## Try it
Your output should be the lines below from the one holding "18193129194b Sebago Classic" through the one holding "Las mejores murgas", transcribed exactly, with no pictures.

** Exercise materials follows **

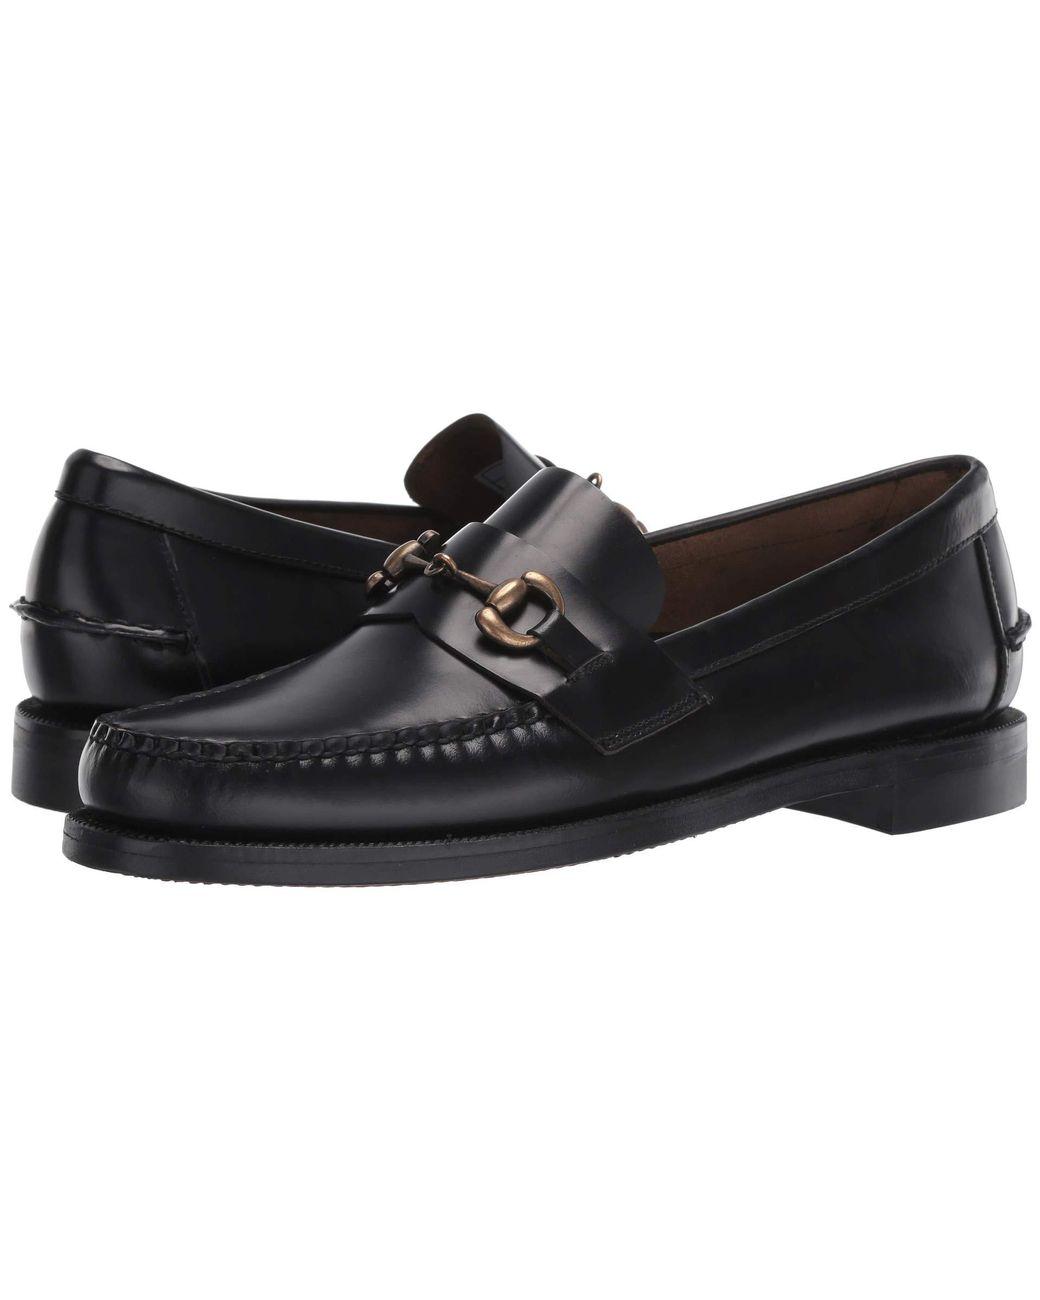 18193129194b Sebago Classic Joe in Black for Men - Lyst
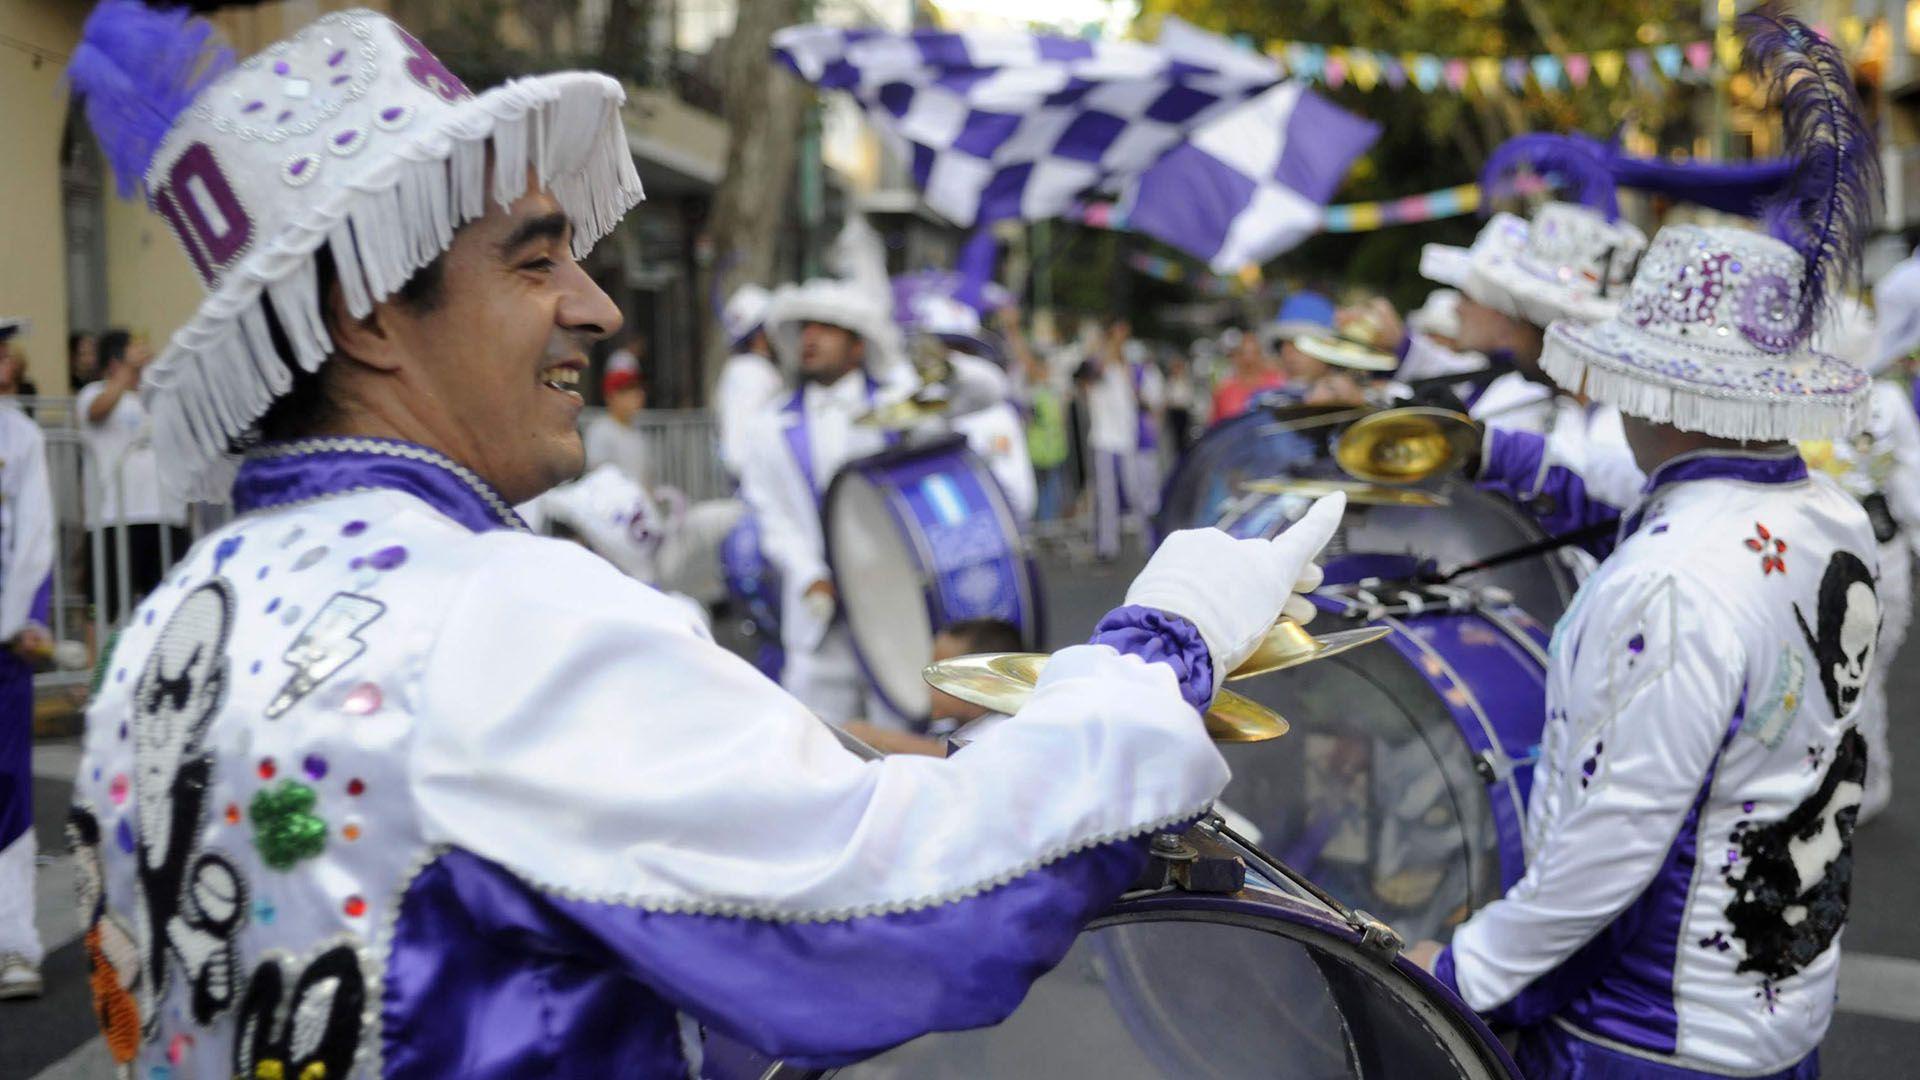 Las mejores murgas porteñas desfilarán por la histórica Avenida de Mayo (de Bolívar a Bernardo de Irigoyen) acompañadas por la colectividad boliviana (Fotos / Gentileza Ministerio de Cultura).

** End of Exercise materials **
** Exercise materials follows **

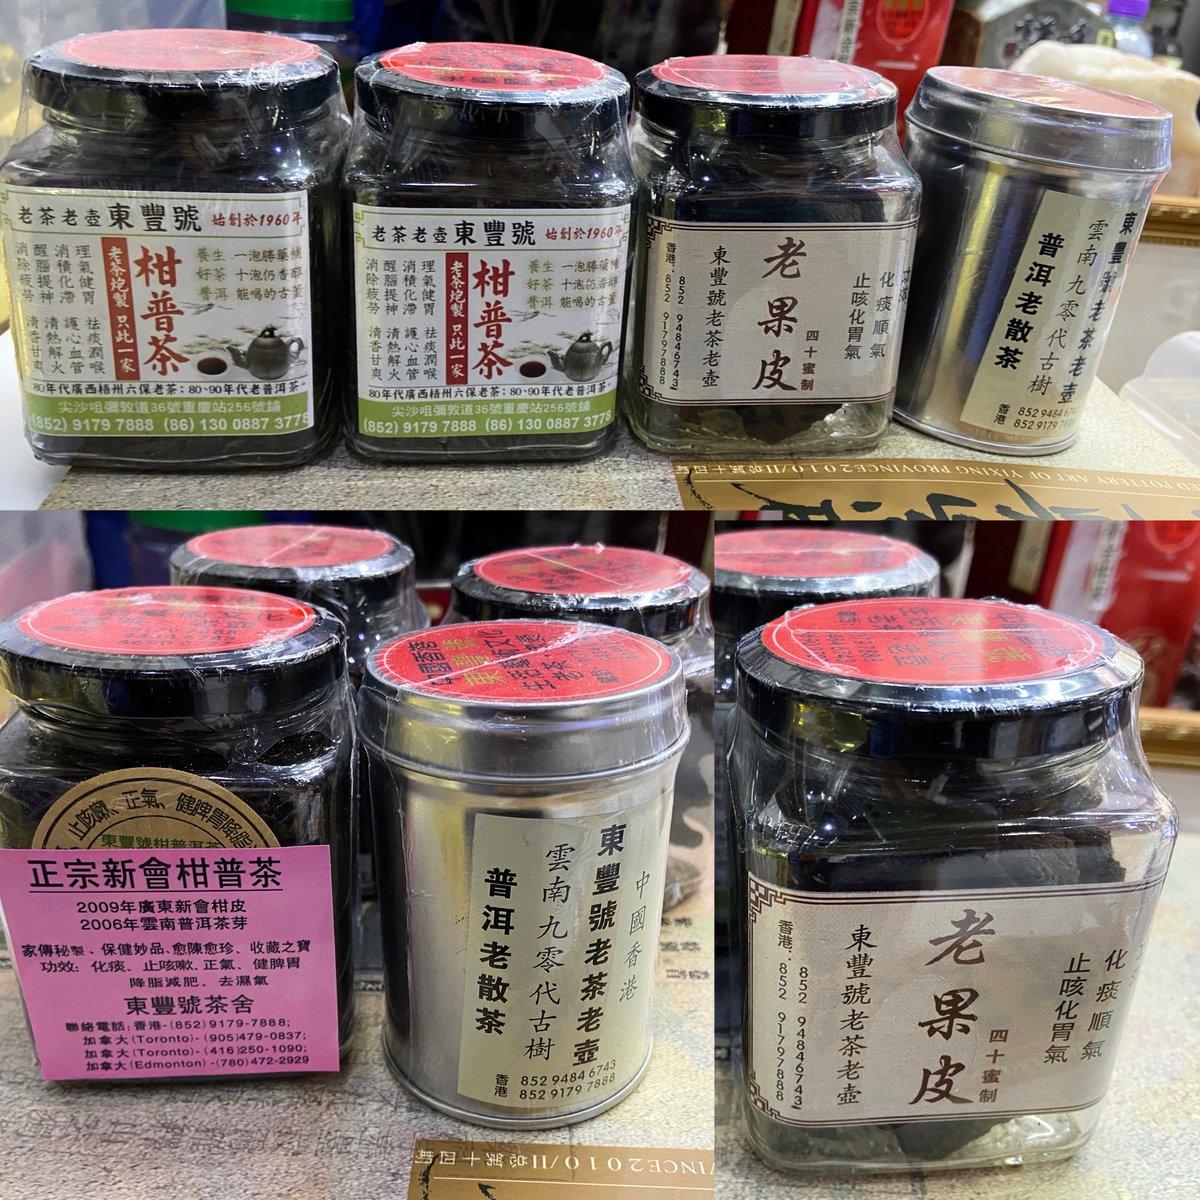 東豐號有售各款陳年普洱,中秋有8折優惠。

** End of Exercise materials **

## Worked solution
 18193129194b Sebago Classic Joe in Black for Men - Lyst
 Las mejores murgas porteñas desfilarán por la histórica Avenida de Mayo (de Bolívar a Bernardo de Irigoyen) acompañadas por la colectividad boliviana (Fotos / Gentileza Ministerio de Cultura).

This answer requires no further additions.